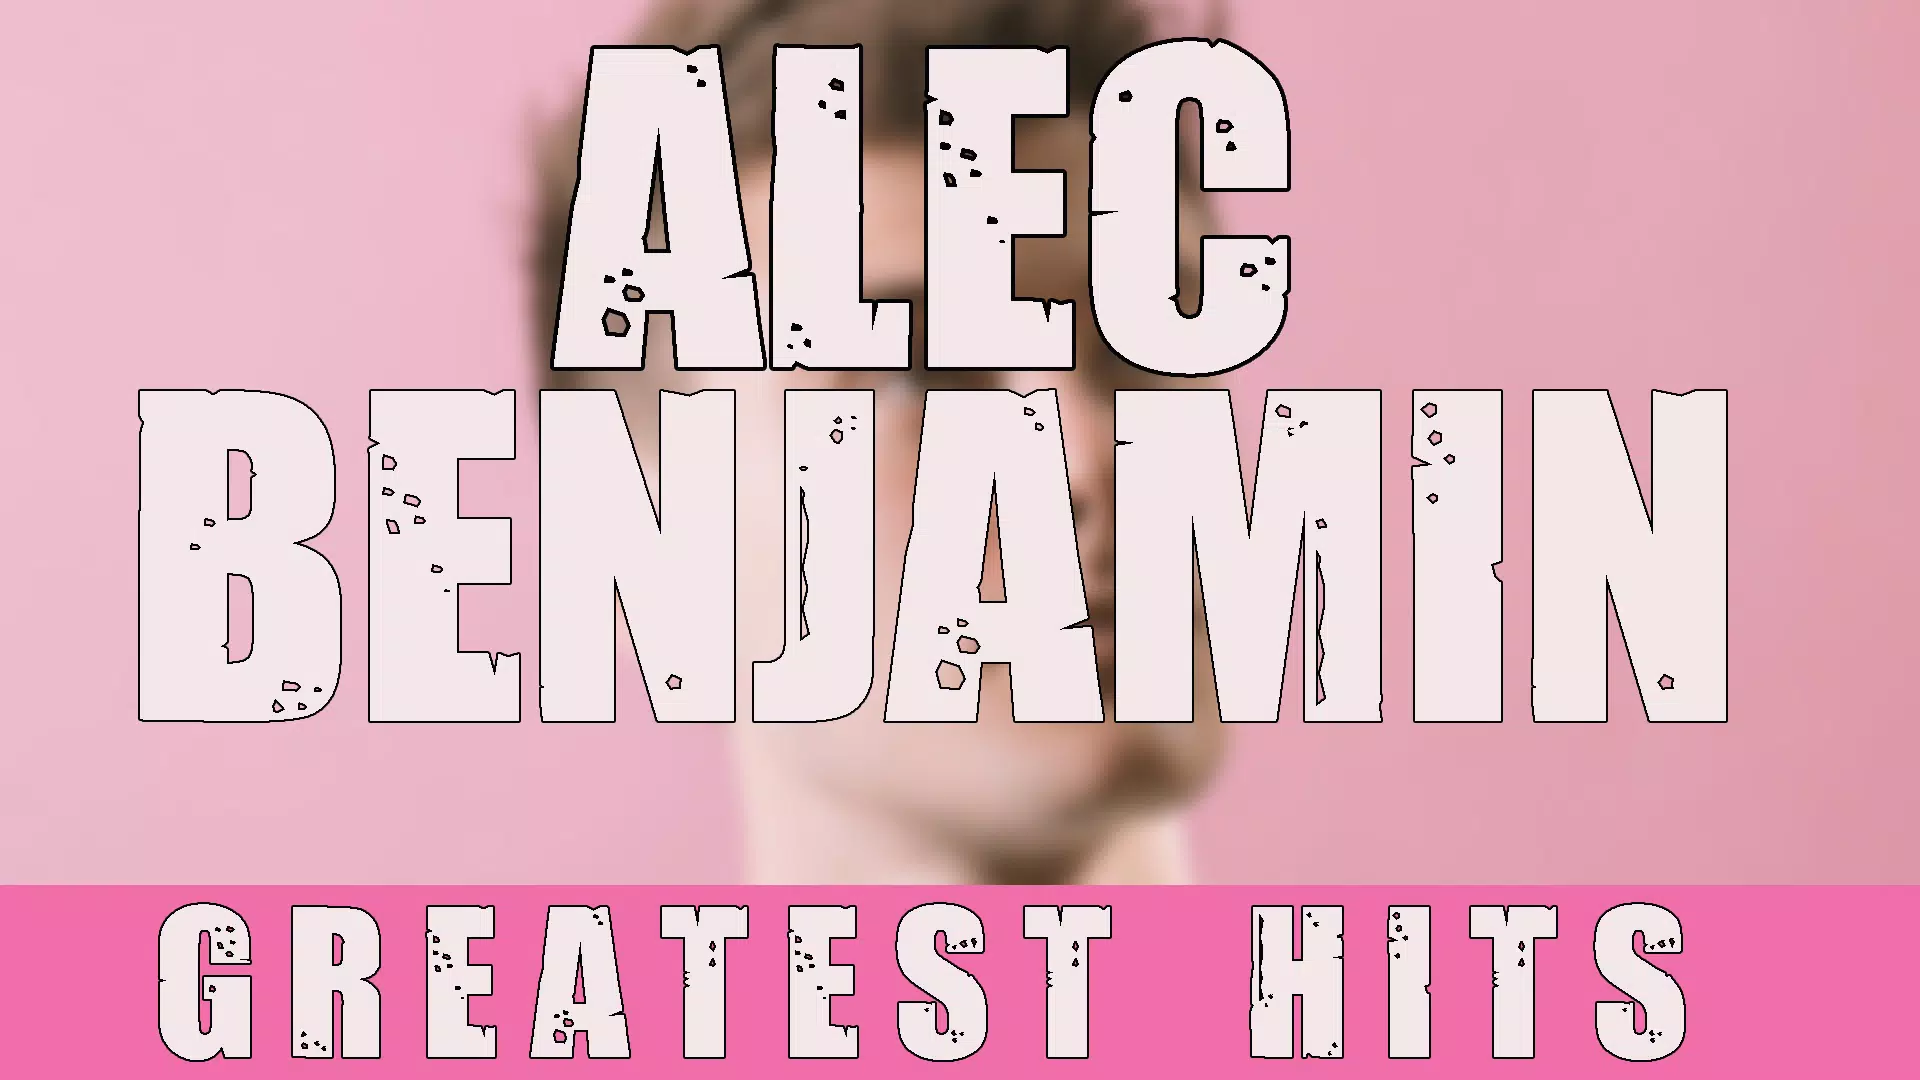 Alec Benjamin Songs APK for Android Download
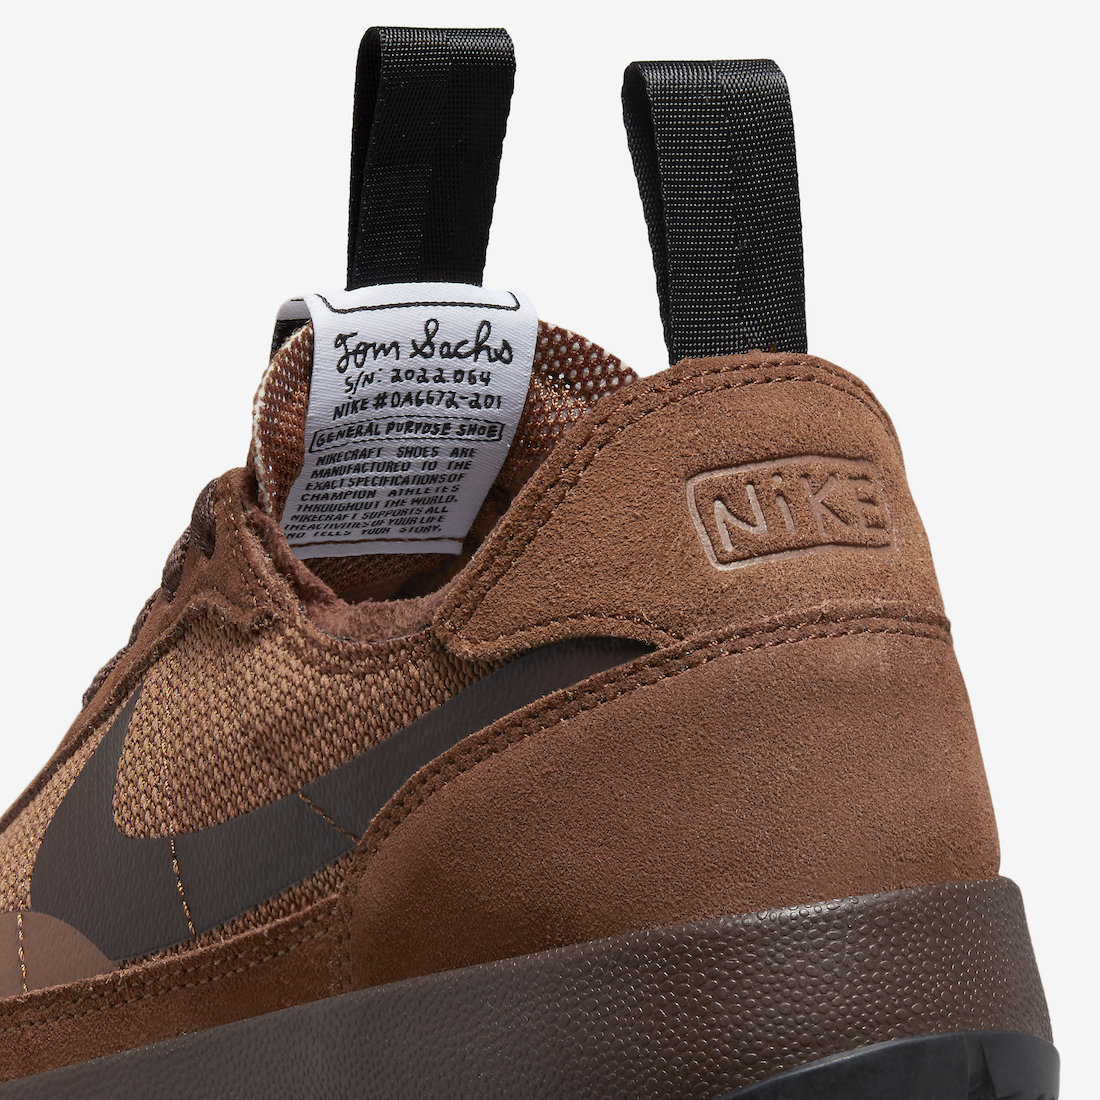 Tom Sachs NikeCraft General Purpose Shoe Field Brown DA6672-201 Release Date Store Listings
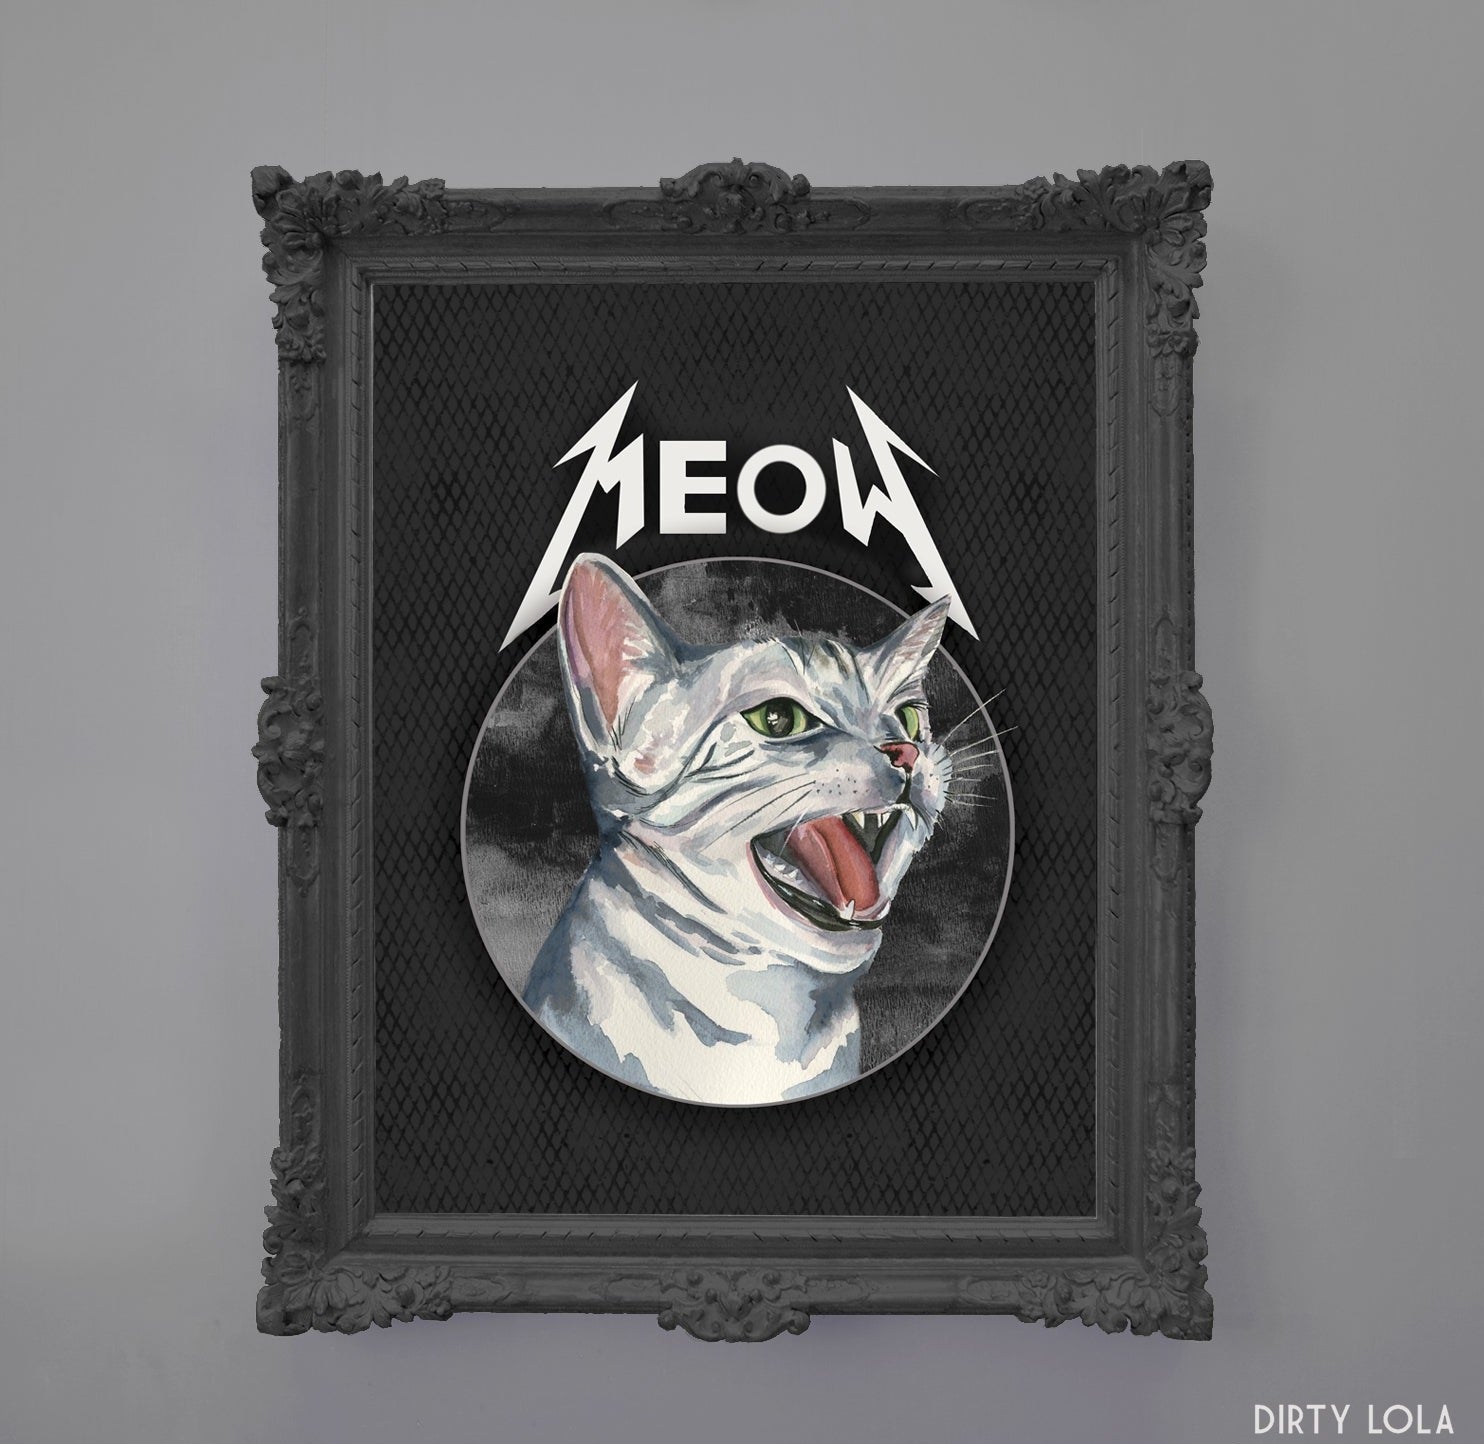 Metal Meow Art Print

++++++++

Activity:
Exactly as written, return every line of the listing, but not the pictures.

Expected answer:
 Alec Benjamin Songs APK for Android Download
 Tom Sachs NikeCraft General Purpose Shoe Field Brown DA6672-201 Release Date Store Listings
 Metal Meow Art Print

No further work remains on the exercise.